The molecular basis of genetic lipodystrophies

Abstract

Objectives: Hyperinsulinemia is often associated with a cluster of metabolic abnormalities, which usually presents before the onset of frank diabetes. Lipodystrophy syndromes are frequently associated with hyperinsulinemia and may act as models for insulin resistance. Lipodystrophy is characterized in broad terms by loss of subcutaneous adipose tissue. Despite heterogeneous causes, which include both genetic and acquired forms, lipodystrophy syndromes have similar metabolic attributes, including insulin resistance, hyperlipidemia and diabetes.

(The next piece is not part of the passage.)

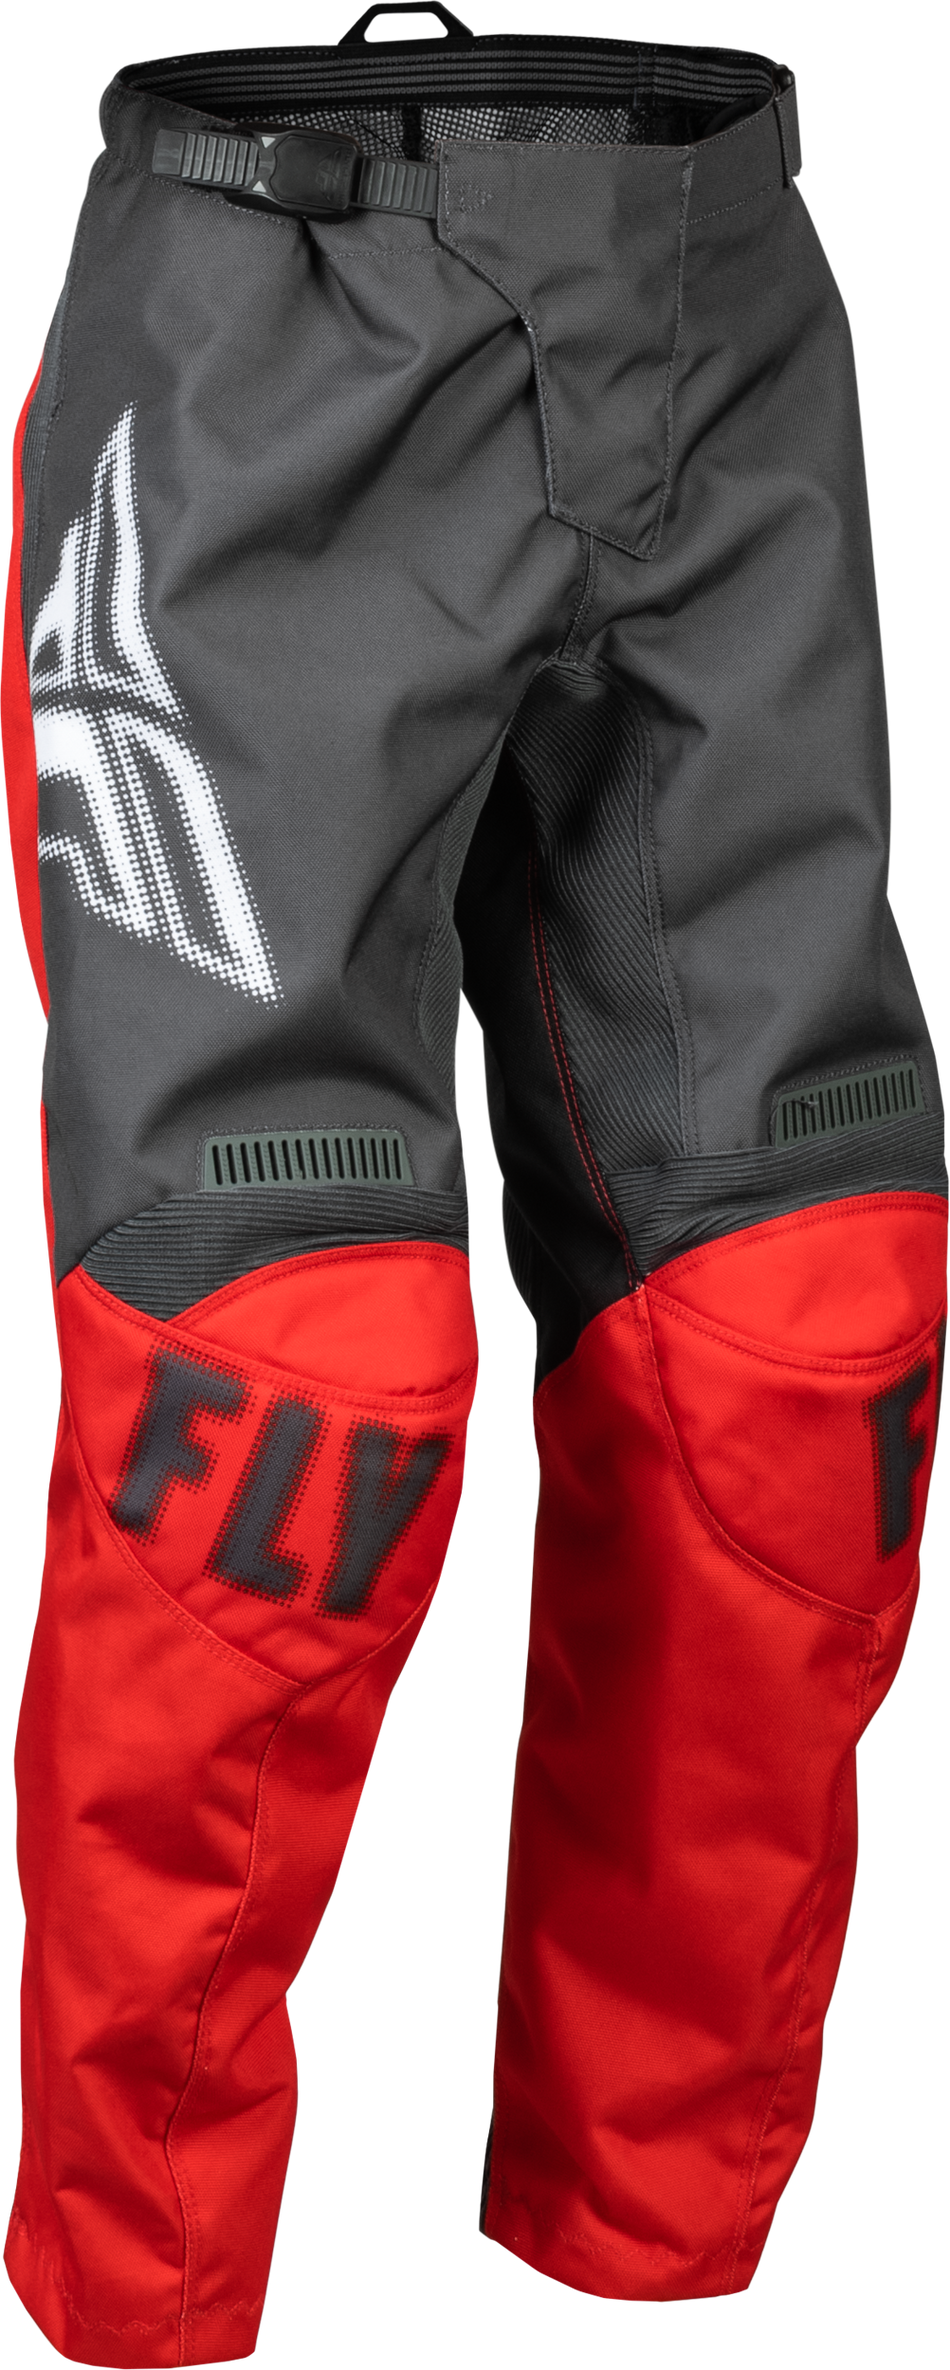 FLY RACING Youth F-16 Pants Grey/Red Sz 26 376-23426

Results: Recently, the molecular basis of two genetic forms of lipodystrophy, namely Dunnigan-type familial partial lipodystrophy (FPLD; MIM 151660) and Berardinelli-Seip complete lipodystrophy (BSCL; MIM 269700) have been reported. There is evidence for genetic heterogeneity for both types of lipodystrophy. In addition, murine models of lipodystrophy have provided key insights into alterations of metabolic pathways in lipodystrophy.

Conclusions: Delineation of the human molecular genetic basis of two distinct forms of inherited lipodystrophy may have relevance for the common insulin resistance syndrome and for acquired lipodystrophy syndromes.